Change all settings in TCP/IP for the ethernet adapter to obtain automatically for IP and DNS.

Hook up the router to the modem hook up the PC to the router turn them ALL off. Turn on the modem, turn on the router, then turn on the pc waiting 1-2 minutes Per device.

Perform another ipconfig /all (number 2) on the PC.

Use the Gateway address usually something like 192.168.1.1 to put into the web browser. and log into the web based setup on the router.

Check your original ipconfig /all and make sure it all shows up in the WAN settings on the router.

Disable or enable DHCP and set the number of leases.
Make sure nothing is set in the DMZ this opens a hole in your network.
Make sure you have no settings in the Nat translating firewall (also known as Port Forwarding tab on this model).

If DHCP is enabled you can leave your TCP/IP set to obtain automatically. IF you hard code it to get by NAT settings then set TCP/IP settings to all the IP settings you had in the number 2 IPCONFIG /all. You can also add in a couple of the DNS servers you got in the first IPCONFIG /all if you want to.

The only thing you have to worry about is if DHCP is still enabled and you hardcode your IP then make sure the last octet eg X.X.X.# where # is 1-255 is outside of where DHCP is set to. E.G. if you have a lease of 10 computers and it starts at X.X.X.50 and goes to X.X.X.60 then you can place it anywhere from X.X.X.2 to X.X.X.49 or X.X.X.61 to X.X.X.254.


----------



## dougand (Nov 22, 2005)

StumpedTechy said:


> Change all settings in TCP/IP for the ethernet adapter to obtain automatically for IP


through DHCP??



StumpedTechy said:


> Check your original ipconfig /all and make sure it all shows up in the WAN settings on the router..

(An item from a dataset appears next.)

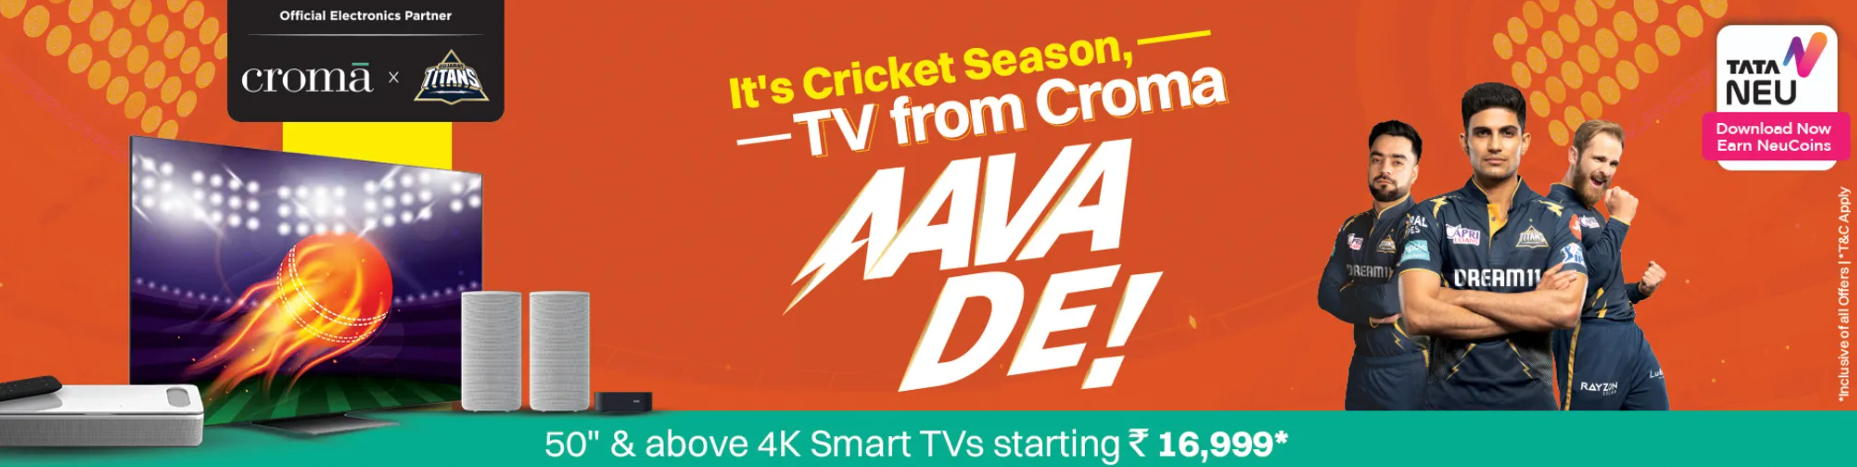 Croma TV Offers

You mean make sure the settings copied from the orig ipconfig shows up? (and shows up for the WAN? or for the PC?)


----------



## StumpedTechy (Jul 7, 2004)

Yes the first time connection you will almost alsways useDHCP to first assign an IP. If not then you must know all the settings the router will give you. Linksys defaults are the following

IP - 192.168.1.1
subnet 255.255.255.0
gateway-192.168.1.1

but this can vary

you want to make sure the settings from the IPCONFIG before you added anythin shows up in the WAN on the router your new IPconfig should be on the 192.168address setup.


----------



## dougand (Nov 22, 2005)

StumpedTechy said:


> Change all settings in TCP/IP for the ethernet adapter to obtain automatically for IP and DNS.


How do I (in XP) get to the page where I do this? ( or the applet )



StumpedTechy said:


> Make sure nothing is set in the DMZ this opens a hole in your network..


where do I configure this?. . where do I get to this page or window?. . I can't remember . .

Thanks again . .


----------



## StumpedTechy (Jul 7, 2004)

> How do I (in XP) get to the page where I do this? ( or the applet )


Control Panel/Network connections (if in classic view)/Right click network connection you want to modify/properties/double click on TCP/IP



> where do I configure this?. . where do I get to this page or window?. . I can't remember . .


DMZs are in the router not in the OS. You have to access the router config and check for DMZ settings. Not all have it listed as DMZ though I know linksys does.


----------



## dougand (Nov 22, 2005)

StumpedTechy said:


> DMZs are in the router not in the OS. You have to access the router config and check for DMZ settings. Not all have it listed as DMZ though I know linksys does.


I thought that was the case, but do you have any idea how I find the window or page to set those up?. . I had my brother (over the phone) look in several places (the system tray, etc). . under "all programs". . etc. . but couldn't find anything. . .

any ideas?

I really appreciate all your help, by the way


----------



## StumpedTechy (Jul 7, 2004)

He has to access the router via I.E. and look through all its settings. The routers IP should be the default gateway this needs to be typed into the url field it will more than likely prompt for the password which he needs to input if its not changed he has to look at the documentation for his router to find this all.


----------